We consider the very clear black space between ectoderm and endoderm e.g. Fig 2B or Fig 4A to be an adequate marker for mesoglea. Use of an anti-mesoglea antibody would reduce the clarity of the image.
It is always possible to look at more parts of Hydra tissue for possible nerve connections between ectoderm/endoderm. Nevertheless we provide the first quantitative data on the lack of contacts between 133 nerve cells (57 ectodermal and 76 endodermal) in the body column. Such data has not been previously available. And the EM result (Westfall 1973) cited by the reviewer is anecdotal at best. In later serial sectioning results on the hypostome/tentacle region from the Westfall lab no mention is made of nerve connections between the ectoderm and the endoderm. However, based on the results in the cited preprints (Giez et al) a closer examination of the hypostome/tentacle region in particular is warranted.
To strengthen our conclusion that there are no contacts between the ectodermal and endodermal nerve nets, we now explicitly cite results from Dupre and Yuste (2017) on a calcium reporter strain demonstrating the absence of any crosscorrelation between the firing patterns of ectodermal RP1 network and the endodermal RP2 network. There was also no correlation between the activity of the second ectodermal nerve net CB and the endodermal RP2 network. These results demonstrate the absence of functional contacts between ectodermal and endodermal nerve nets.
The reviewer criticizes the absence of trans-mesoglea links between ectodermal and endodermal epithelial cells in our EM images, e.g. Fig 9A. We can assure the reviewer that such links are frequently observed, although not in the image we chose for Fig 9A. This image, however, clearly documents two neurite bundles next to ectodermal muscle fibers.
We agree with the reviewer that neurite bundles are an important discovery. And they raise the question of synaptic connections between neurites in bundles. Unfortunately, it is not possible to scan along the block face reconstruction (Fig 10) and count synapses. The resolution is not sufficient. Although scattered dense core vesicles (DCV) are observed in neurites, clustered DCV described by Westfall et al (1971) as synapses were not observed. We did, however, observe gap junctions between neurites in bundles (noted in Suppl Fig 3). These data have now been moved to the main body of the paper as Fig 12 together with the scRNAseq results on innexin gene expression in nerve cells. These results make it clear that neurites in bundles are connected via gap junctions and that these gap junctions are specific for neural circuits.

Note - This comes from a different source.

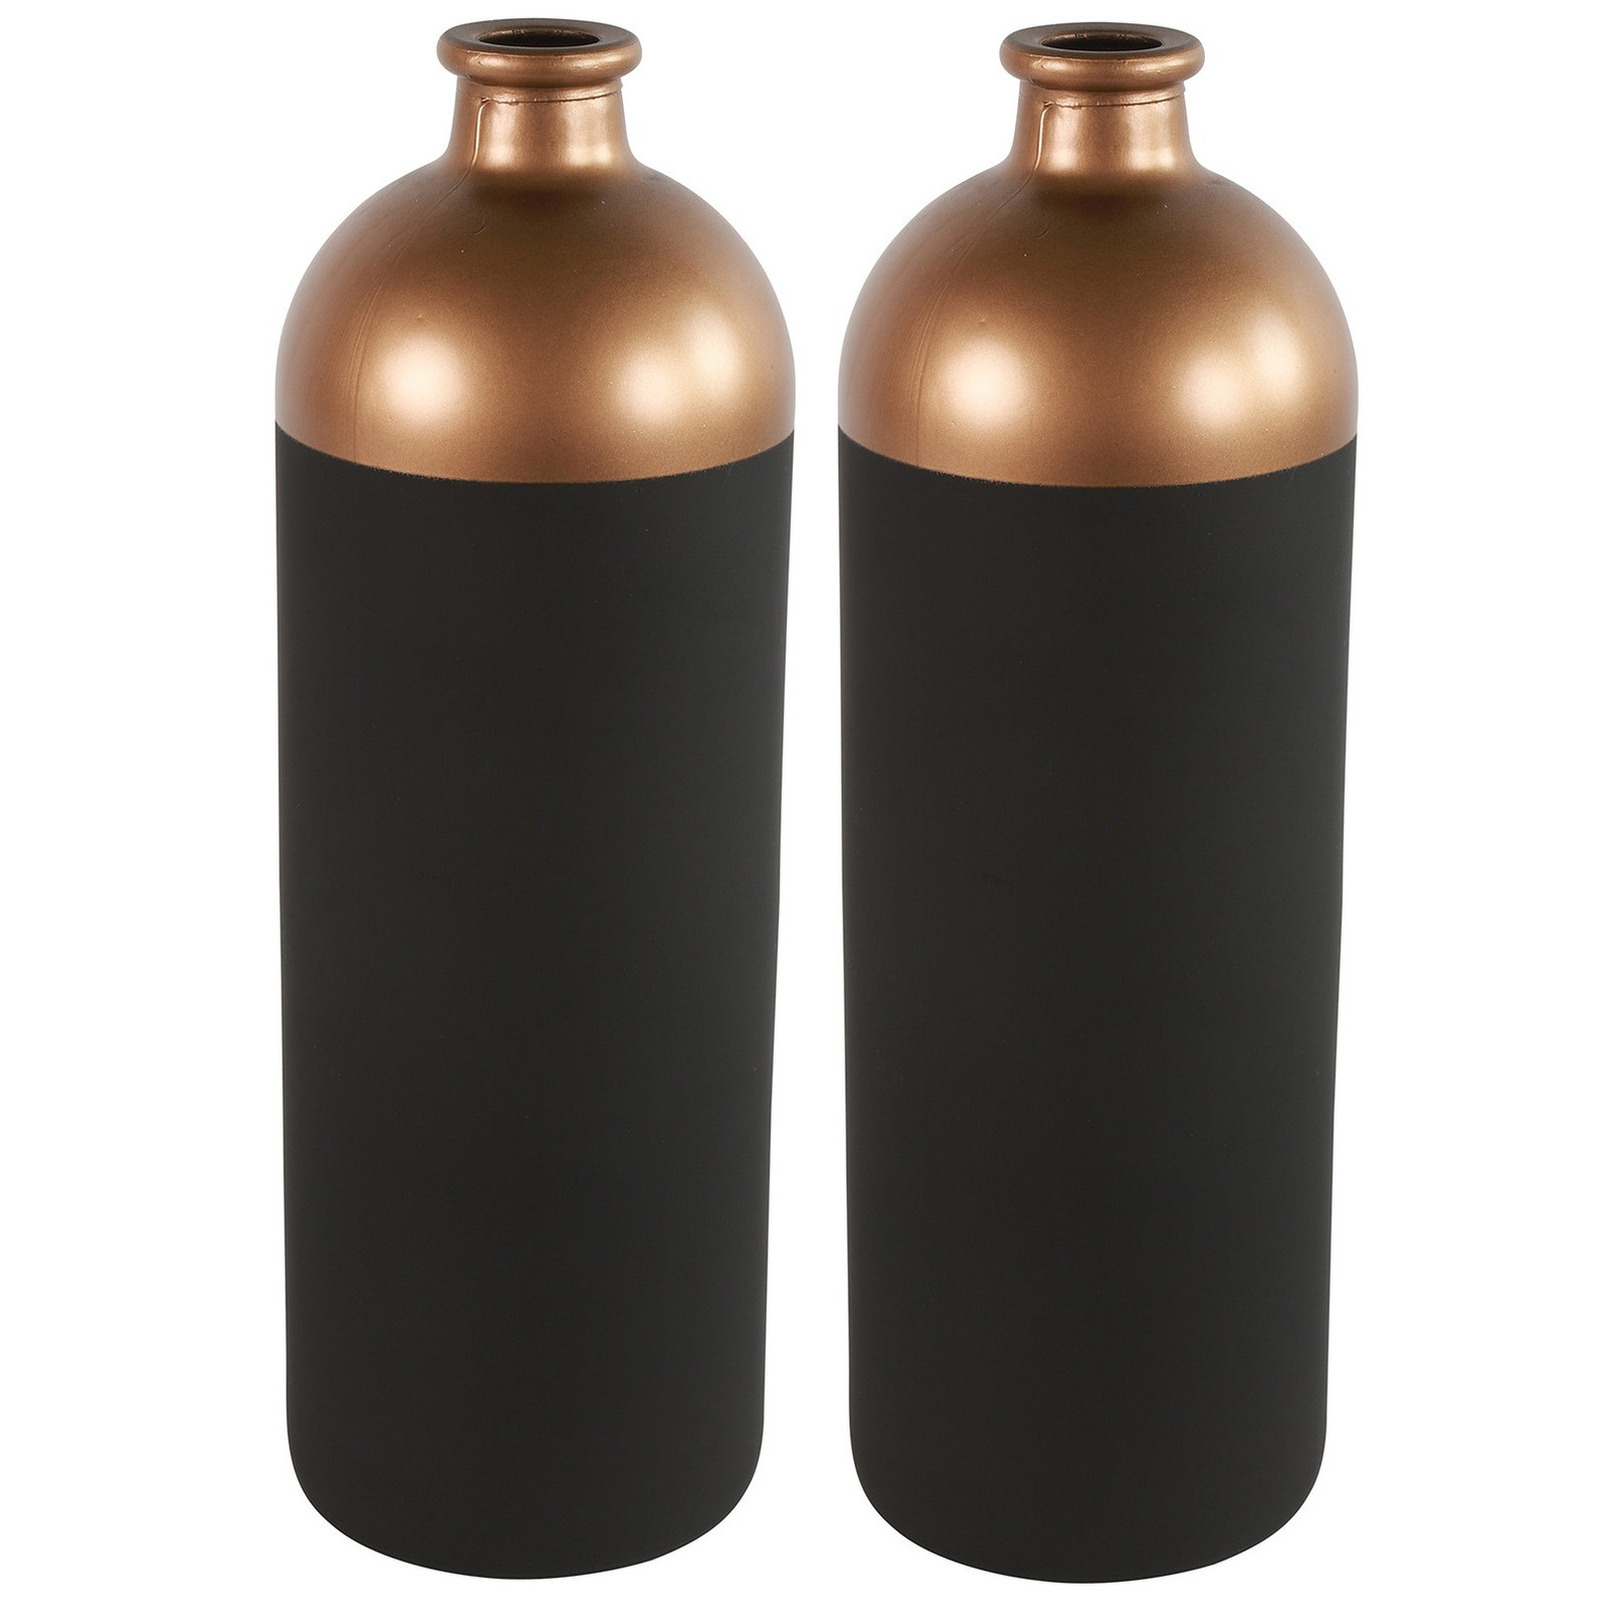 Countryfield Bloemen-deco vaas 2x zwart-koper glas luxe fles vorm D13 x H41 cm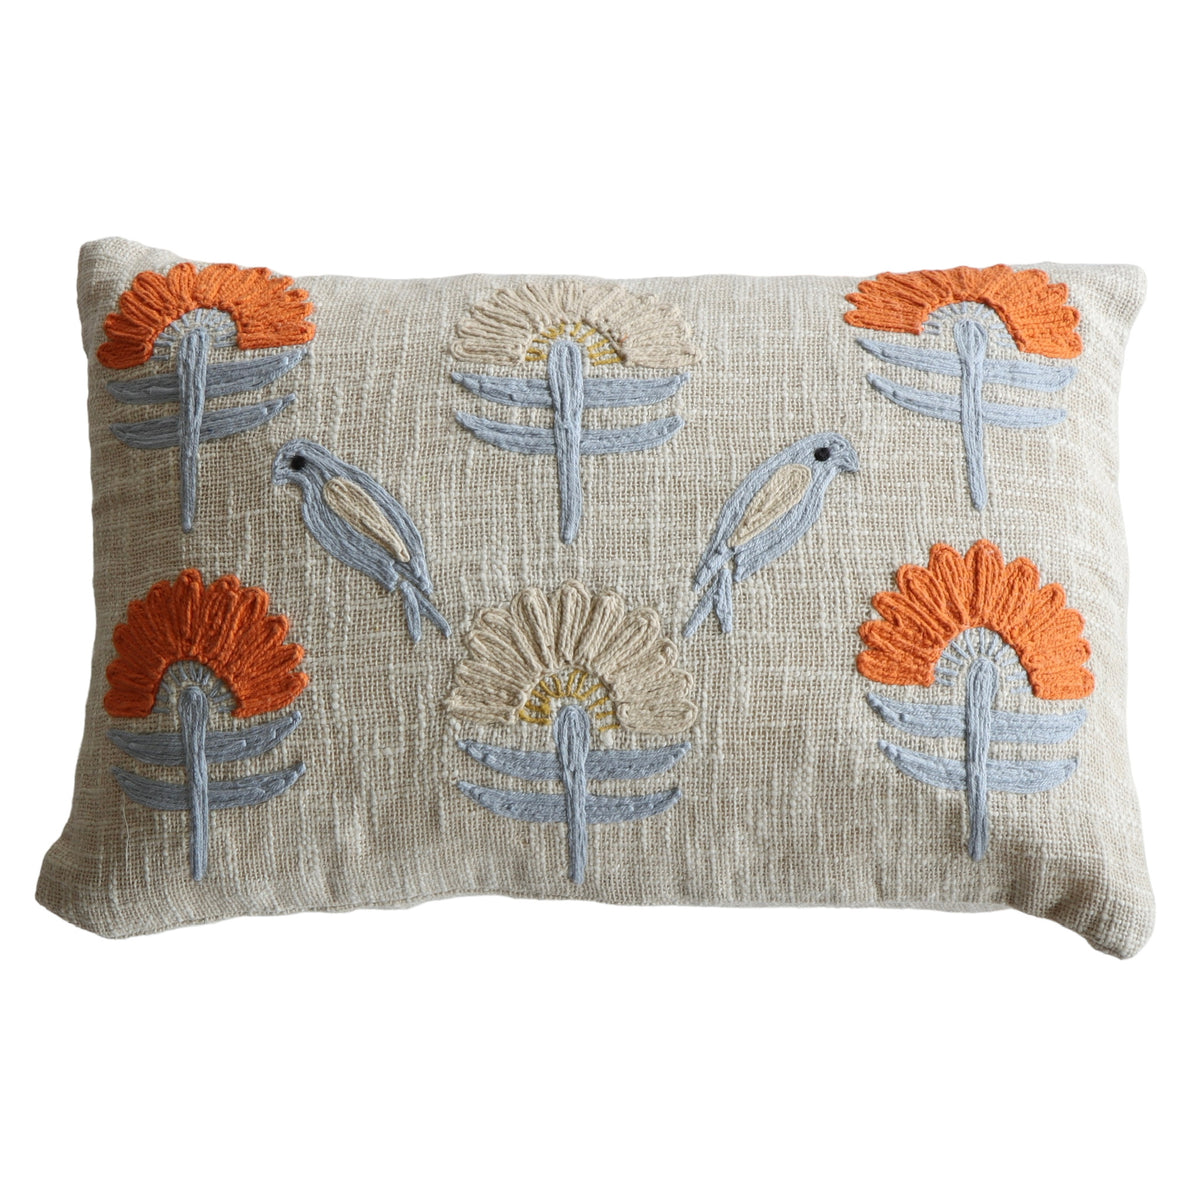 Sunflower Fields Lumbar Pillow - 24x16 - Holistic Habitat

The reviewer suggests that neurite bundles are an artifact of their interaction with muscle processes at the base of epithelial cells. We disagree with this statement. Muscle processes are temporary structures. They are withdrawn and reformed during every epithelial cell division, which occur approximately every three days. Bundles are almost certainly more stable structures. Furthermore, neurite bundles in the endoderm are distant from endodermal muscle fibers (Fig 4B and Fig 9D) and their polygonal pattern (Fig 2D) is completely different from the circumferential bands of endodermal muscle fibers.
Reviewer 3
Specific comments and suggestions have been answered above. Importantly, we show that the PNab antibody does not recognize cadherin and that it clearly stains all nerve cells in Hydra.